Ollama-OCR for High-Precision OCR with Ollama
Bytefer

Bytefer @bytefer

About: 10 years of full-stack development experience, 8 years of technical writing experience, love new technologies, and love to share.

Joined:
Aug 7, 2022

Ollama-OCR for High-Precision OCR with Ollama

Publish Date: Nov 25 '24
158 17

Llama 3.2-Vision is a multimodal large language model available in 11B and 90B sizes, capable of processing both text and image inputs to generate text outputs. The model excels in visual recognition, image reasoning, image description, and answering image-related questions, outperforming existing open-source and closed-source multimodal models across multiple industry benchmarks.
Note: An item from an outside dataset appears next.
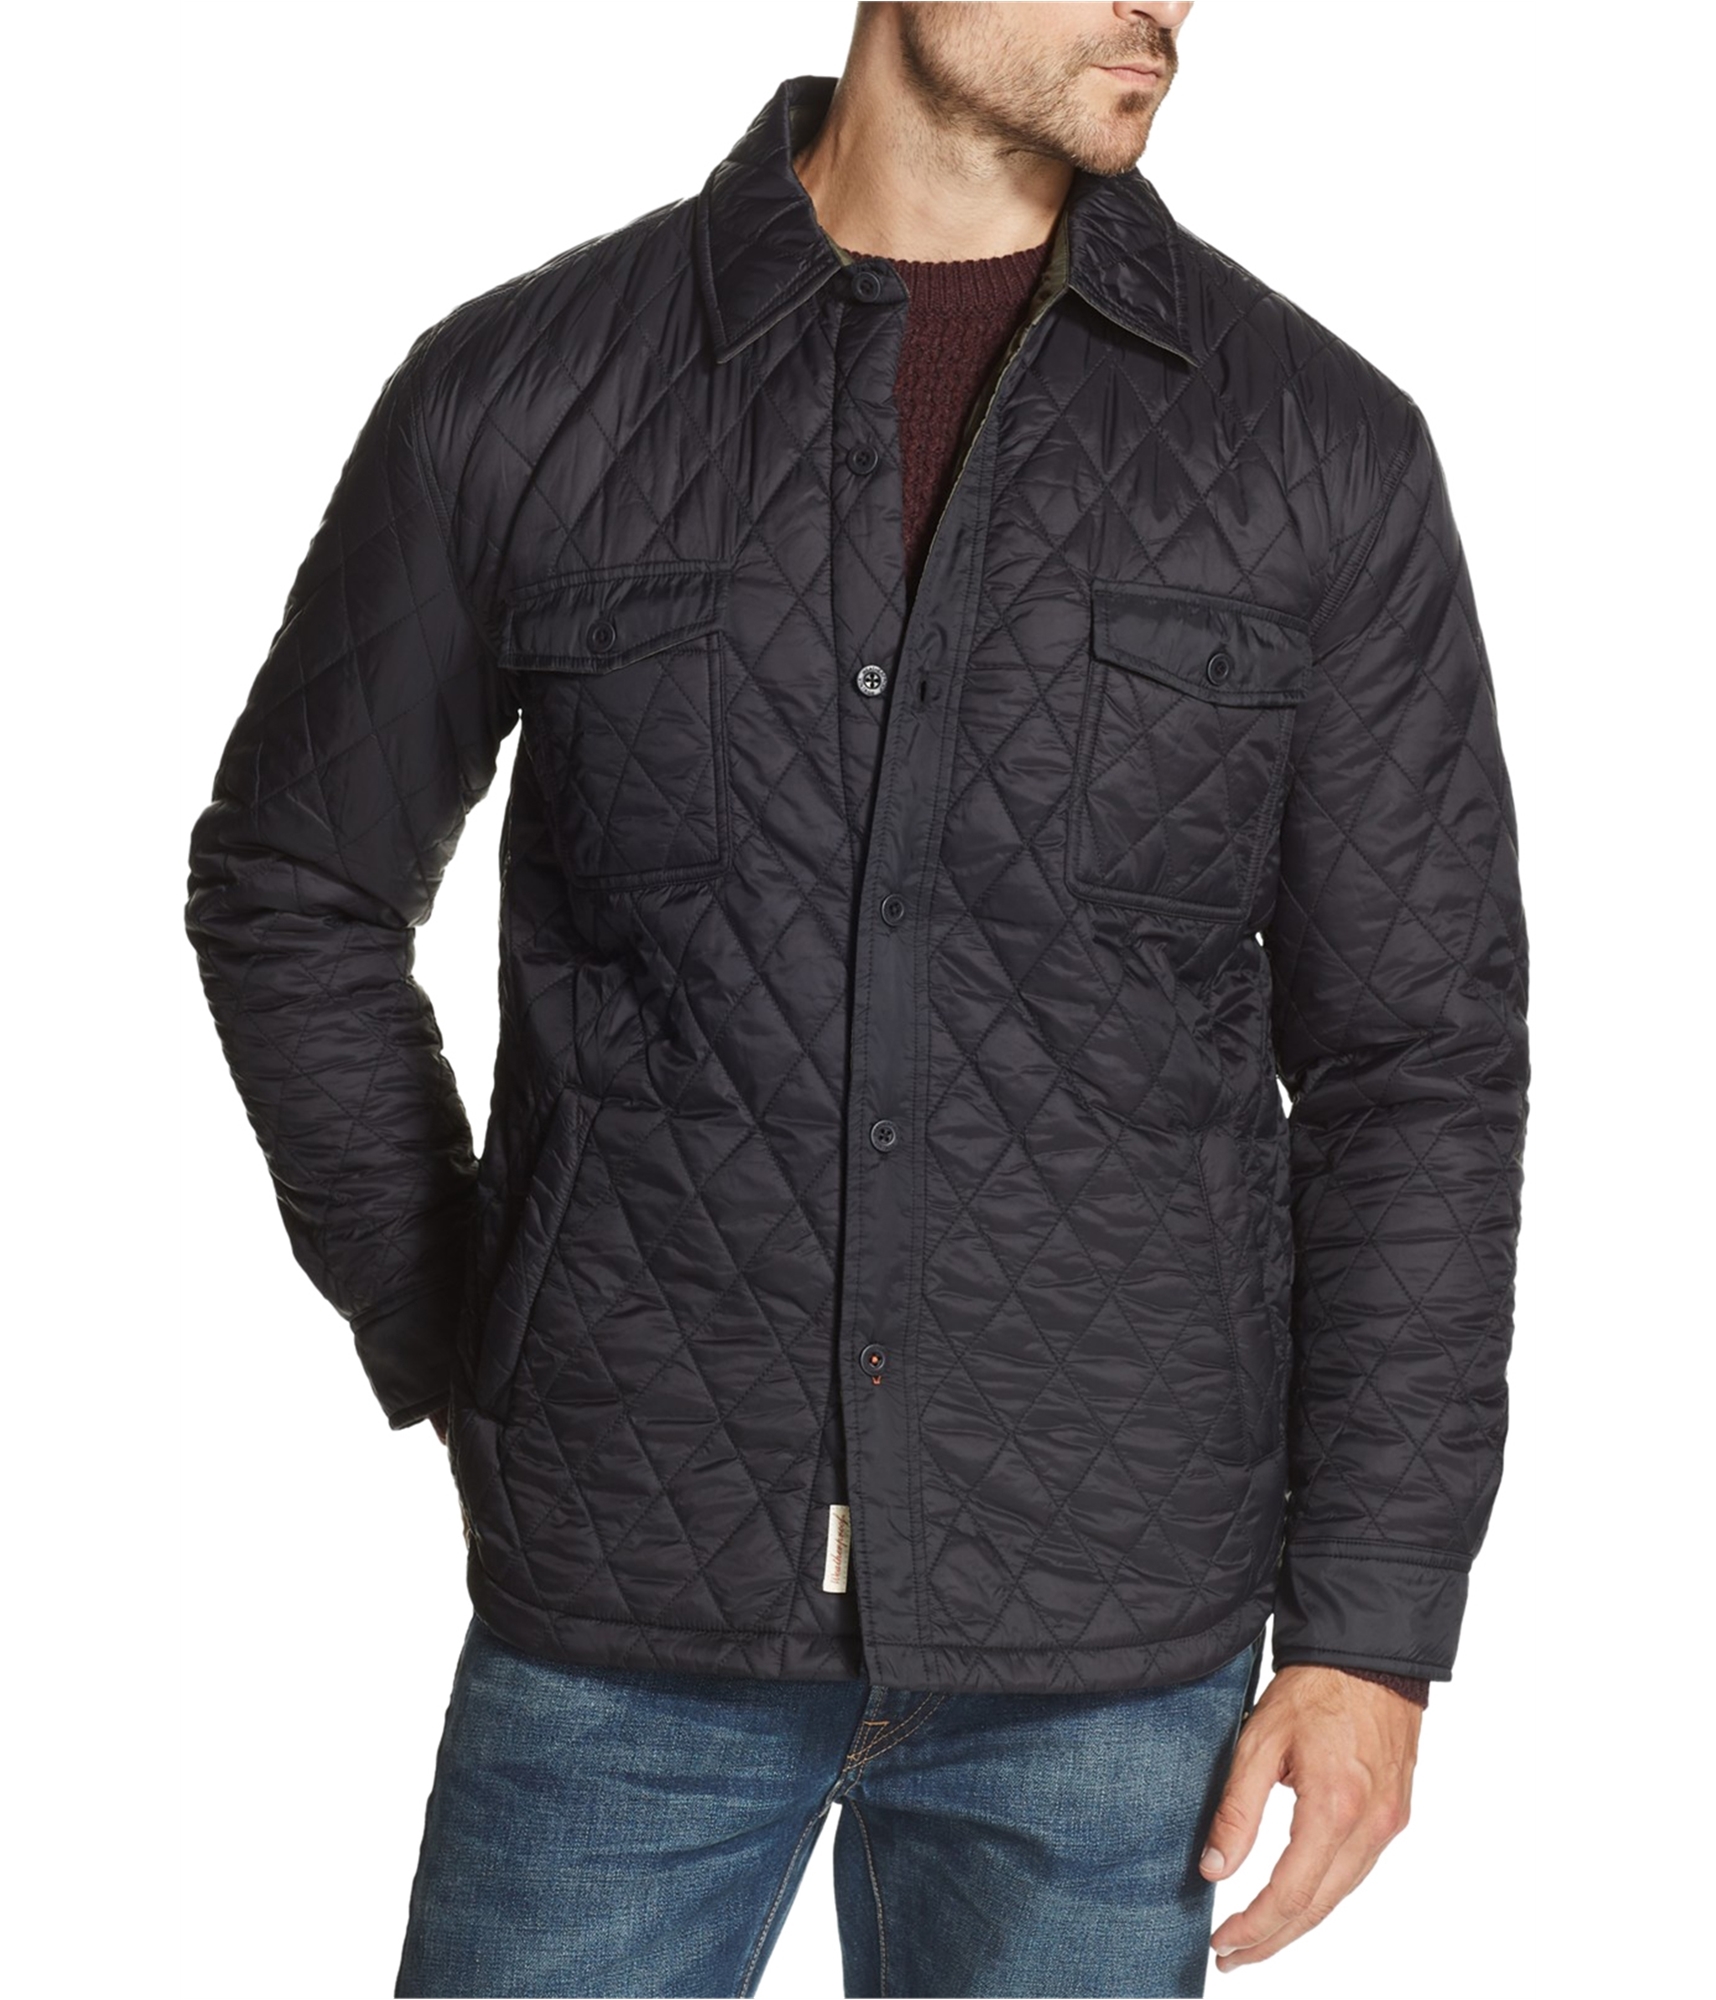 Buy a Weatherproof Mens Quilted Jacket | Tagsweekly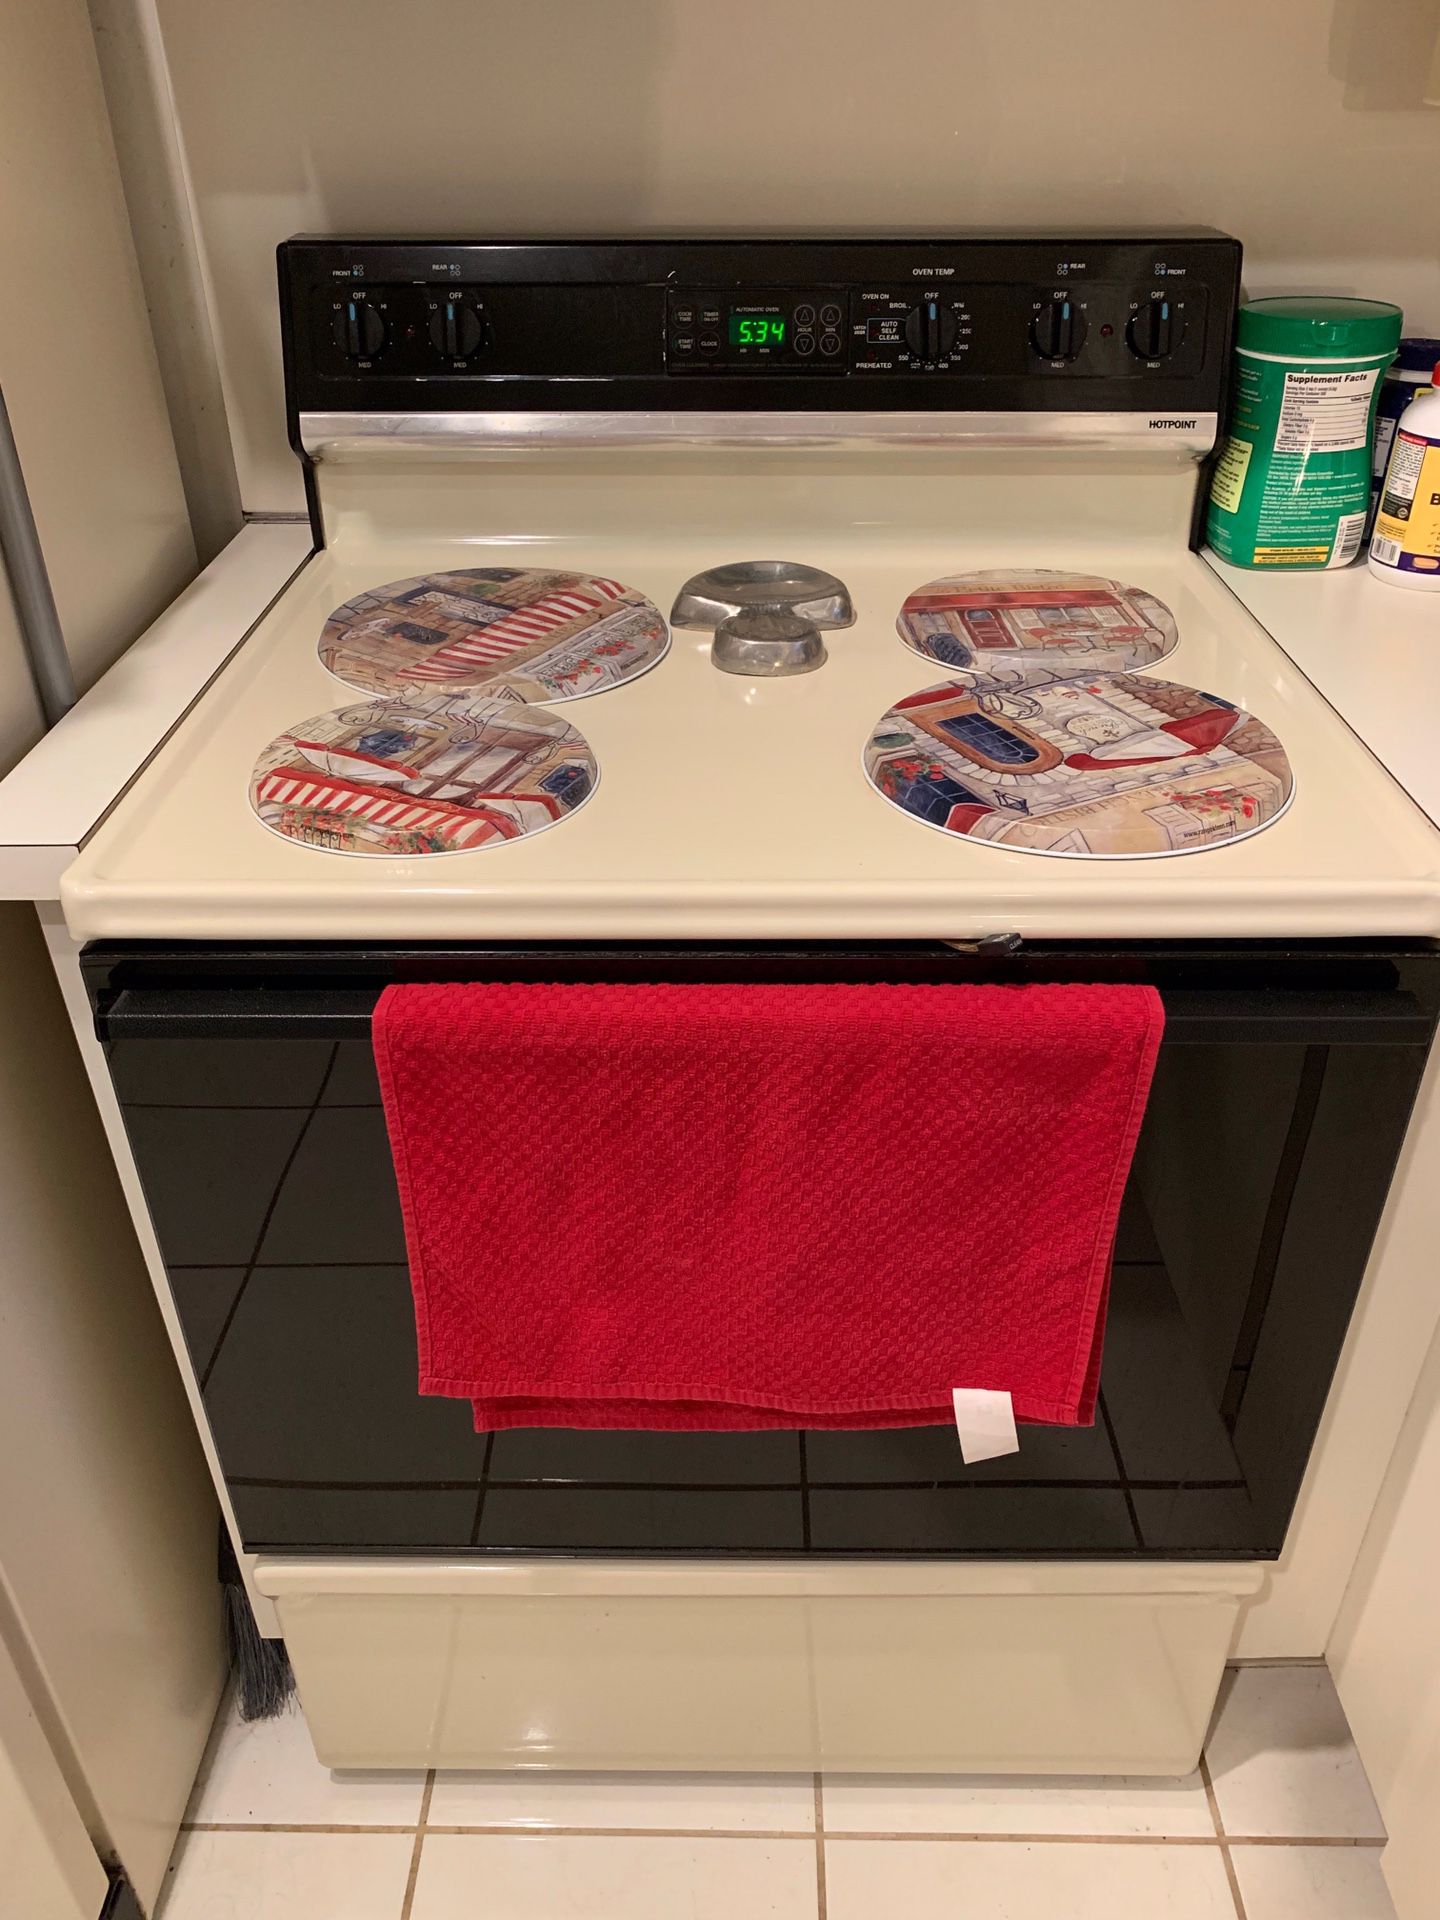 *FREE* Stove - Dishwasher - Over Stove Microwave *FREE*

Find Your Best Next.js Starters

Find Awesome Shadcn

Llama 3.2-Vision Examples

Handwriting

llama3.2-vision-handwriting

Optical Character Recognition (OCR)

llama3.2-vision-ocr

In this article I will describe how to call the Llama 3.2-Vision 11B modeling service run by Ollama and implement image text recognition (OCR) functionality using Ollama-OCR.

Features of Ollama-OCR

🚀 High accuracy text recognition using Llama 3.2-Vision model
📝 Preserves original text formatting and structure
🖼️ Supports multiple image formats: JPG, JPEG, PNG
⚡️ Customizable recognition prompts and models
🔍 Markdown output format option
💪 Robust error handling

MacOS Vision OCR: Accurate and Fast OCR Tool for macOS

Installing Ollama

Before you can start using Llama 3.2-Vision, you need to install Ollama, a platform that supports running multimodal models locally. Follow the steps below to install it:

  1. Download Ollama: Visit the official Ollama website to download the installation package for your operating system. Download Ollama
  2. Install Ollama: Follow the prompts to complete the installation according to the downloaded installation package.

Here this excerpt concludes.